A functional block diagram representing a digitally processed satellite payload is shown in FIG. 4. In a pre-processing stage, portions of the uplink RF spectrum are frequency converted and conditioned to baseband frequencies that are digitized these for the digital signal processing stage. In the post-processing stage, the processed digital signals are converted into analogue signals, frequency converted and routed to the appropriate downlink antenna path. These pre and post processing stages have very demanding requirements in terms of channel filtering and phase tracking, which are primarily driven by the need to achieve digital beam forming and unambiguous frequency domain processing.
Digital signal processors can perform very precise signal manipulations such as demodulation or very narrow-band filtering (e.g. selecting individual 5 kHz voice channels within a broad band). As is illustrated in FIG. 5, the signals of interest are filtered from the main uplink bands, down-converted in frequency and presented to processor at base-band (DC to about 140 MHz). For example, a single telephone call may arrive at the processor from a C-band uplink originating in one country and be directed to a downlink band that serves a different country. Many different phone calls, originating in different countries, would be grouped in frequency for onward transmission to the common destination country. The processor then sorts the channels within this input band and presents them at the output in the appropriate frequency block, ready for up-conversion to the chosen downlink frequency.

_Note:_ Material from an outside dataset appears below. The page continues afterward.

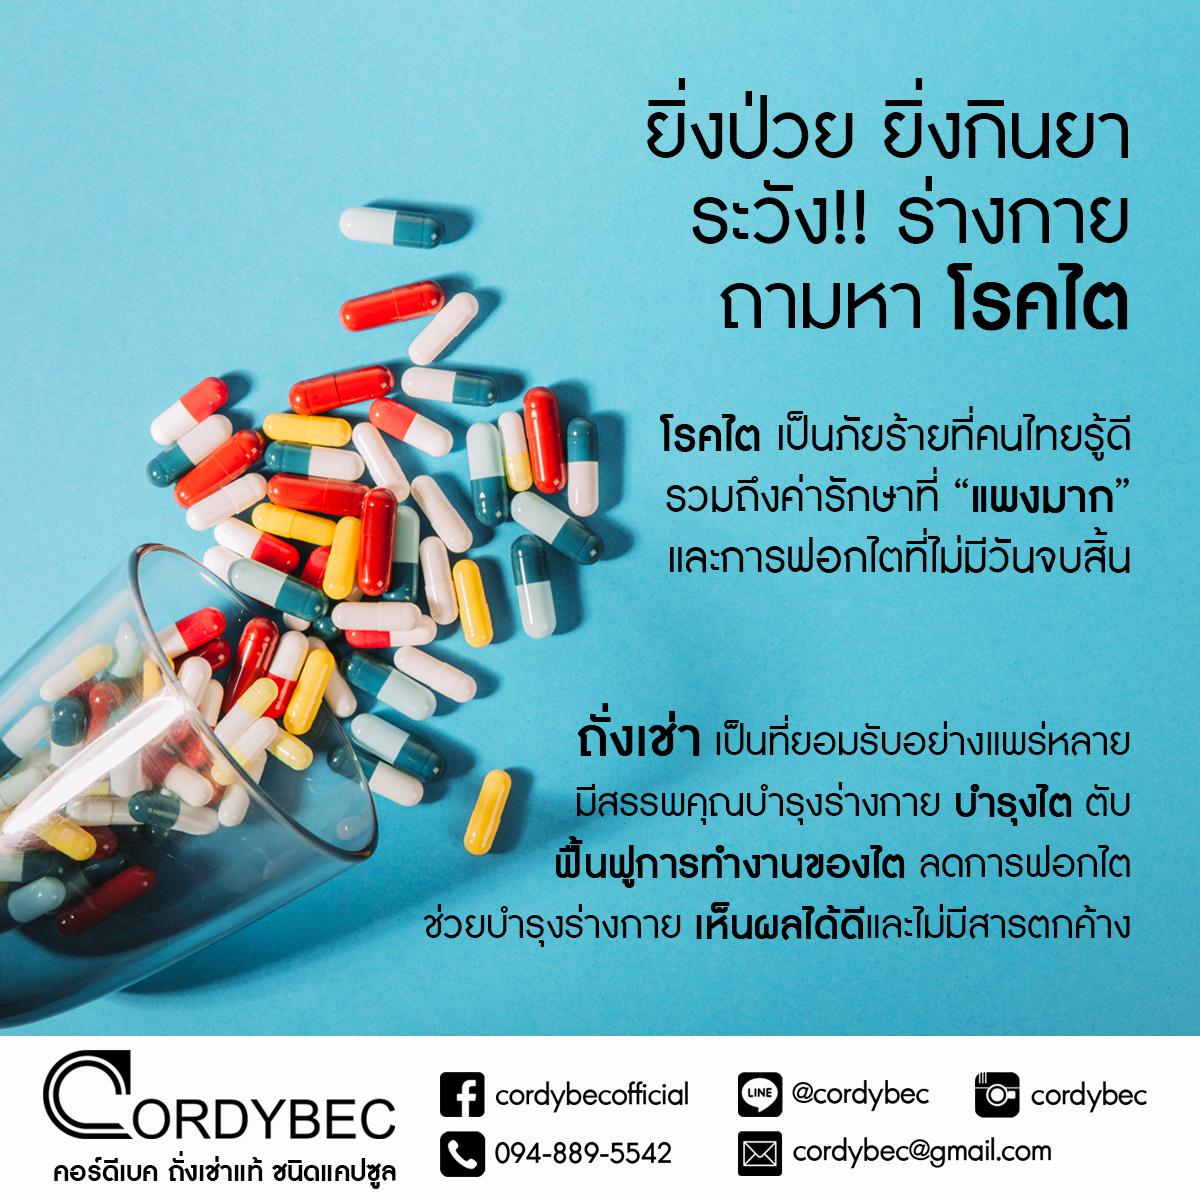 Cordybec kidney 016

If the signals of interest are relatively wideband, such as TV transmissions, then digital processing may not be economic. In such cases the necessary selection and routing of signals is commonly performed by filters and switches that can operate efficiently at a relatively low intermediate frequency (IF processing).
One method of achieving the desired level of flexibility is described in U.S. Pat. No. 4,228,401, where reconfigurable beam interconnections are facilitated through the use of bandpass filters, each having variable bandwidth and variable center-frequencies. The filters are arranged in groups, each filter within the group passing a selected portion of the frequency band of the received signal. Within each filter, two successive frequency translations of the signal are performed and since the bandwidth and center-frequency of the filter function can be varied, the requirements of that particular channel at that particular time. A similar variable bandwidth filtering and frequency conversion system is described in shown in U.S. Pat. No. 4,262,361
Although, such filters are inherently suited for use in the pre- and post-processing stages of digitally processed satellite payload described above, the complexity of implementation has precluded their use in very high frequency applications such as communications satellites. Instead, Surface Acoustic Wave (SAW) filters have been used, and while these offer excellent channel filtering, they are a major cost driver due to their inherently high phase delay and as such they dominate the overall phase tracking performance.